Facial Recognition + DJI Tello Drone
Here is a little video of the drone in action, it follows people around using facial recognition! https://youtu.be/djg_Msd-Yks
Essentially there are two parts to this project:
- Connecting to the drone and sending commands to it
- Performing facial recognition and calculating where the drone needs to go
Connecting to the drone is pretty simple. The drone transmits its own wifi, so you can just connect to that, and communicate with the drone through a UDP websocket and multithreading. I created a python interface for this part and got the drone moving with my laptop's keyboard, however I wasn't able to solve the problem of receiving the video data from the drone in time. I was too eager to get the drone up and running, so instead I used this interface I found on GitHub.

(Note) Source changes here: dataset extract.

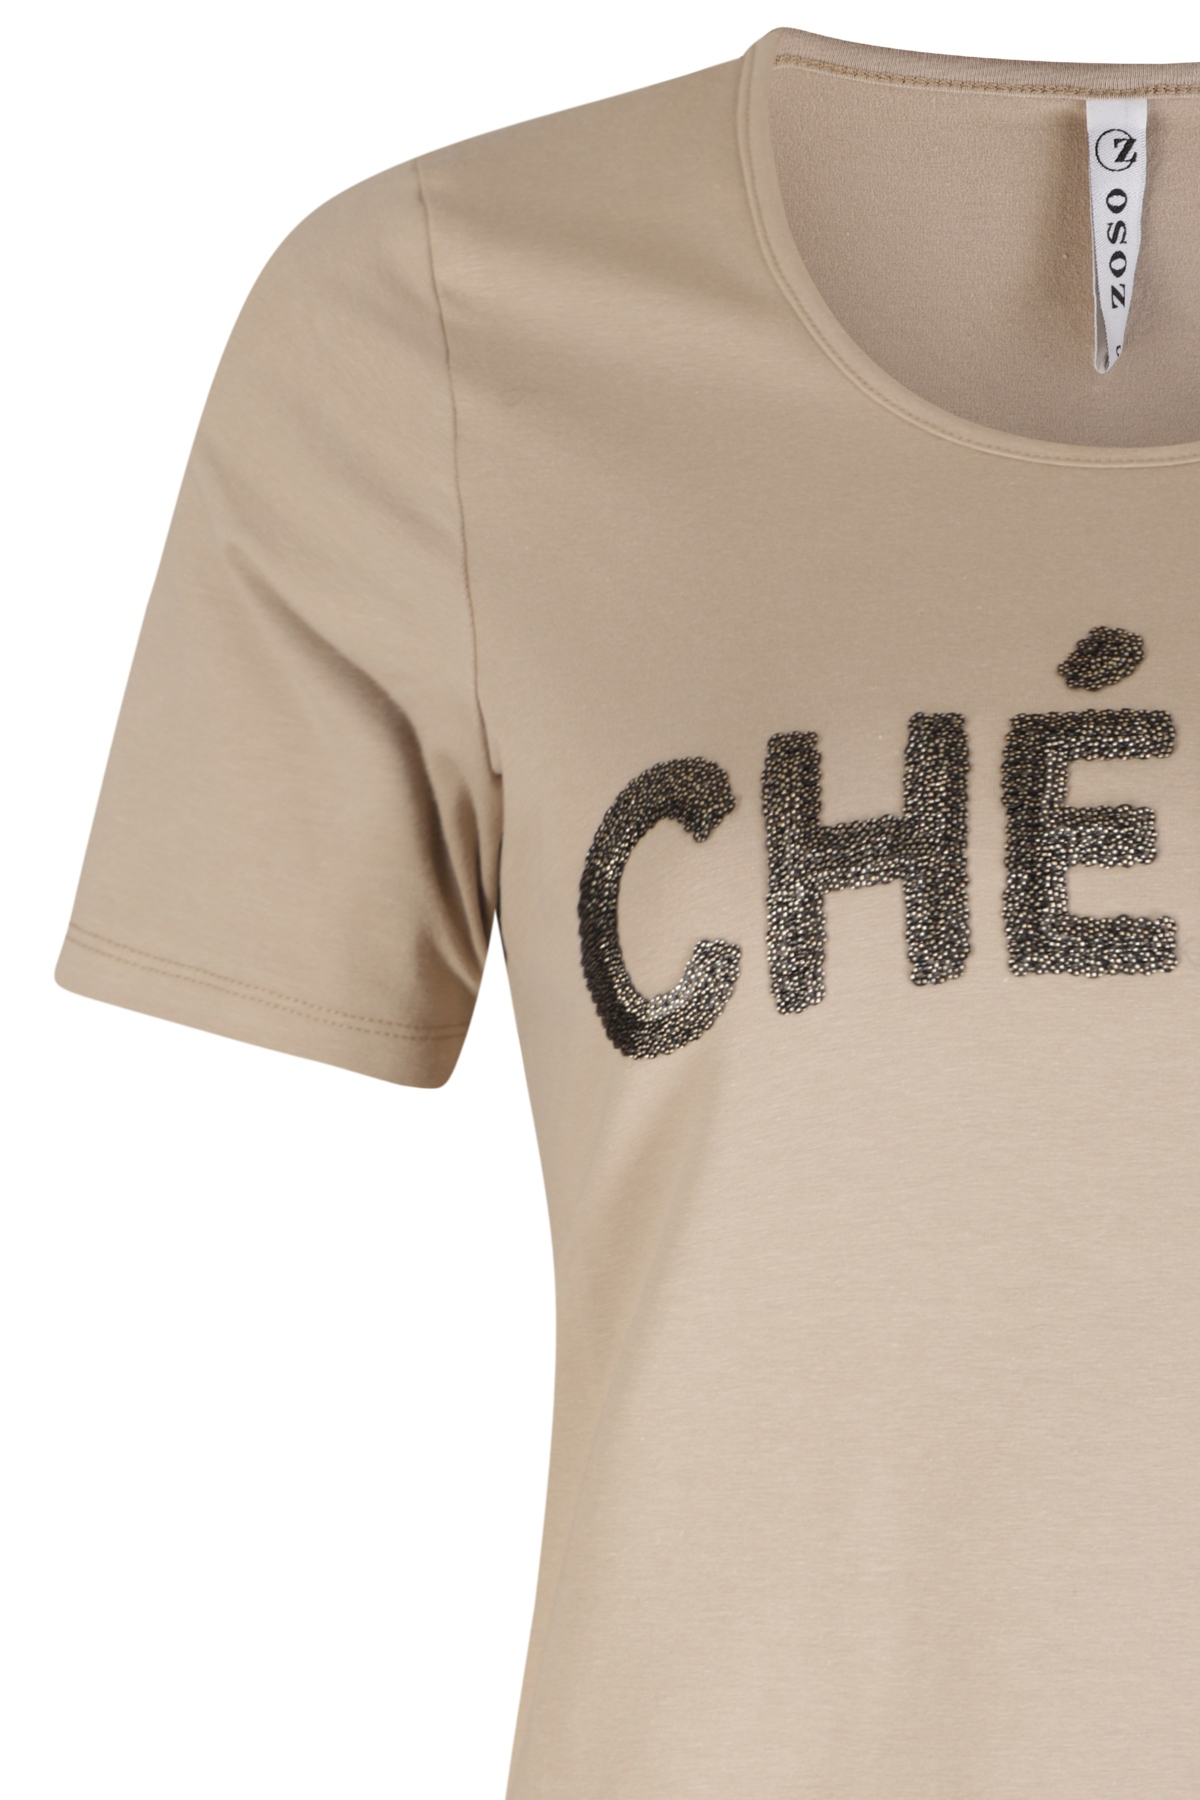 Zoso Shirt - Top Beige Cherie

Now that we had access to the drone's video, we can finally perform some calculations!
I took the video frames from the drone and used OpenCV, numpy and a Haar Cascade classifier for facial recognition. A face is recognized and bound by a rectangle. We are given the top-left corner of the rectangle, and its width and height. With that I found the middle of the face, and calculated the 2D vector from the middle of the video frame to the middle of the face.
We basically want the drone to move so it's centered on a face, so the the middle of the frame has to be around the middle of the face. The 2D vector can help in moving the drone up, down, left and right, but not in a third dimension (forward/backward). To find the third dimension, I used the size of the face and compared it with an arbitrary face size. For example, let's say a 'normal' face size is 150x150 pixels. If the current face found is larger than 150x150, we know that the drone is too close, and vice versa. So with all of that we get a 3D vector representing the displacement of the drone.
Next I set an arbitrary threshold such that if the drone's displacement was within said threshold, it wouldn't need to move. This is so that the drone doesn't constantly try to 'fix' it's position even if is just a few pixels off of the center of the face. Now we have all of the information needed, all that's left to do is to send movement commands to the drone, based on the vector and the threshold.
- Use a combination of yaw and left/right movement to handle a left/right displacement of the face. Currently yaw is not used, only left/right movement is.
- Use the magnitude of the 3D displacement vector to determine the speed at which the drone should move. If the drone is very far from the face, it could move at a higher speed, and if the drone is closer, a slower speed. Currently, the drone moves at a constant speed.
- Framerate is a big one. We want to make the displacement vector to be as accurate and as recent as possible. A lower framerate would mean that if the person moves abruptly between two frames, the most recent displacement vector would be 'outdated' and wouldn't represent the right direction that the drone needs to move.
- Drone response time is a huge factor as well. The DJI Tello doesn't move instantly when a command is sent, there is a tiny delay, which could be caused by many factors. However, this limits the drone from moving accurately, because there could be instances where the drone is moving in a direction and needs to suddenly change directions, but the delay means the drone can't reflect the updated information in its movement. Also, the DJI Tello can't handle consecutive commands well. Sometimes, if two commands are sent back-to-back, the second command will not register. Again, this adds to the problem of not having the most recent information.
Note: I am currently using this interface for interacting with the drone: https://github.com/damiafuentes/DJITelloPy. However, I am writing my own interface for the drone and will be switching to it once it is ready: https://github.com/SamarthAP/TelloWrapper.